To the extent the Court finds GuideOne’s pleadings to be deficient, GuideOne seeks
leave to amend or supplement pursuant to Fed. R. Civ. P. 15(a)(2).
On September 8, 2008, fire damaged the Spring Valley Academy (“the school”), a
private school with students from kindergarten through twelfth grade. (Id. at 2). The
Ohio Conference Association of Seventh-Day Adventists Church (“OCSDA”) owned the
school. (Id.) At the time of the fire, Plaintiff GuideOne insured OCSDA under a
commercial property policy and this policy covered OCSDA’s loss arising from the fire
on September 8, 2008. (Id. at 3-5).
Following the fire, without GuideOne’s authorization, OCSDA contracted with
Synergy for immediate construction remediation to ensure the safety of the building and
to avoid additional damages. (Id.) OCSDA also contracted with Sill to appraise and
adjust the repair and replacement of OCSDA’s loss. (Id.) In October 2008, upon Sill’s
approval and advice, and without GuideOne’s authorization or approval, OCSDA entered
into a second agreement with Synergy to perform additional work at the school. (Id.)

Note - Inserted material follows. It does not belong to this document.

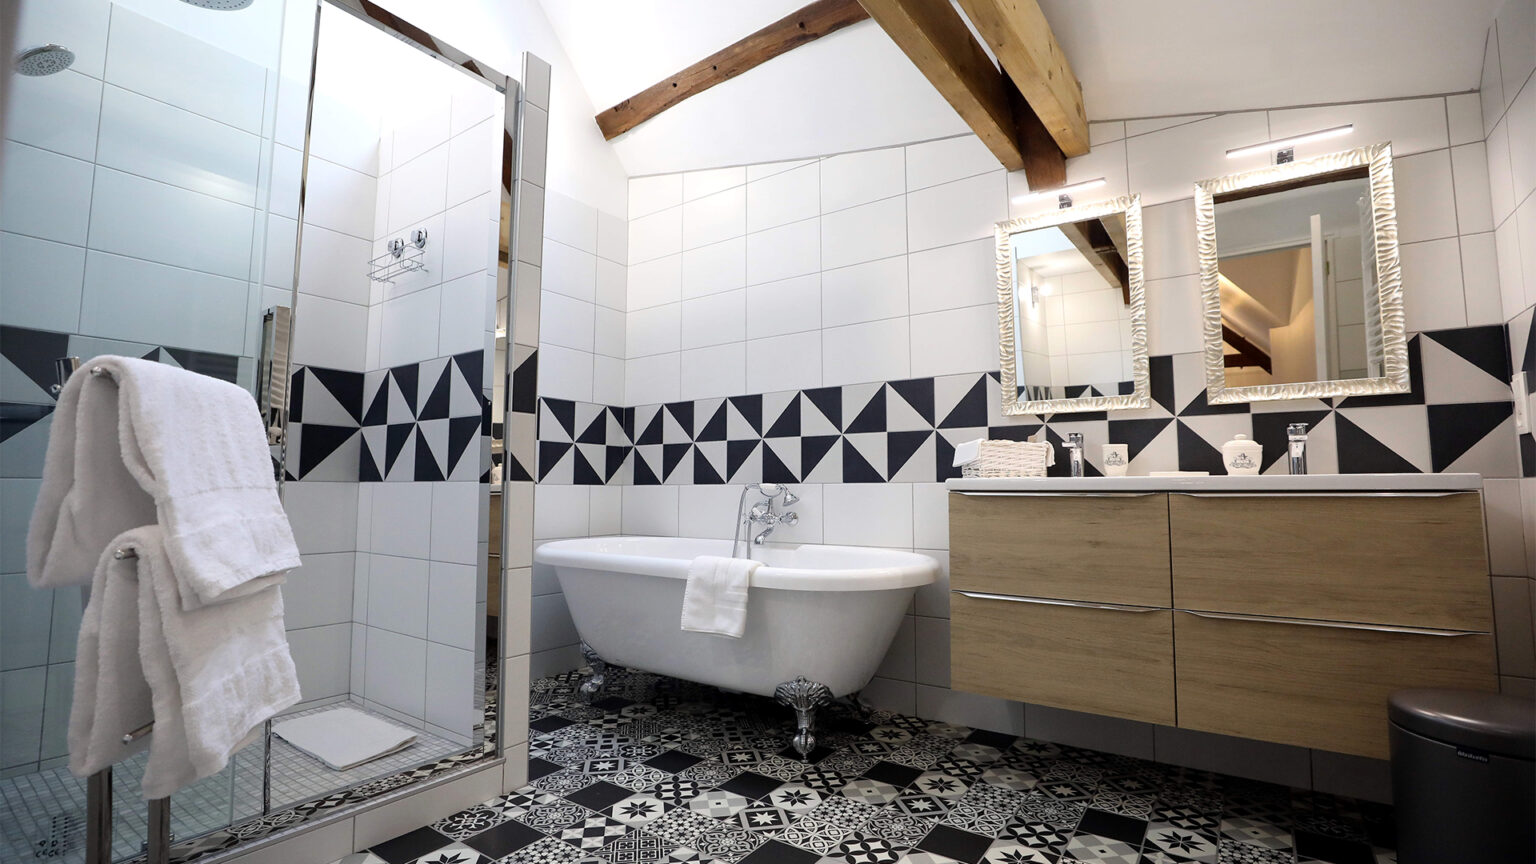 Vue sur la salle de bain qui comprend une grande douche à l'italienne, une baignoire d'époque et son meuble à deux vasque en bois

This work included design, demolition, reconstruction, repair and replacement of fire
damaged portions of the school building. (Id.)
In November 2008, GuideOne requested that Synergy cease and desist from
construction and demolition at the school that was not reasonable and necessary to protect
the property from further damage. (Id. at 5-6). In December 2008, GuideOne notified
OCSDA and Sill of its intent to repair, rebuild, or replace the lost or damaged property.
(Id. at 6). GuideOne’s intent to this extent was later communicated to Synergy. (Id.)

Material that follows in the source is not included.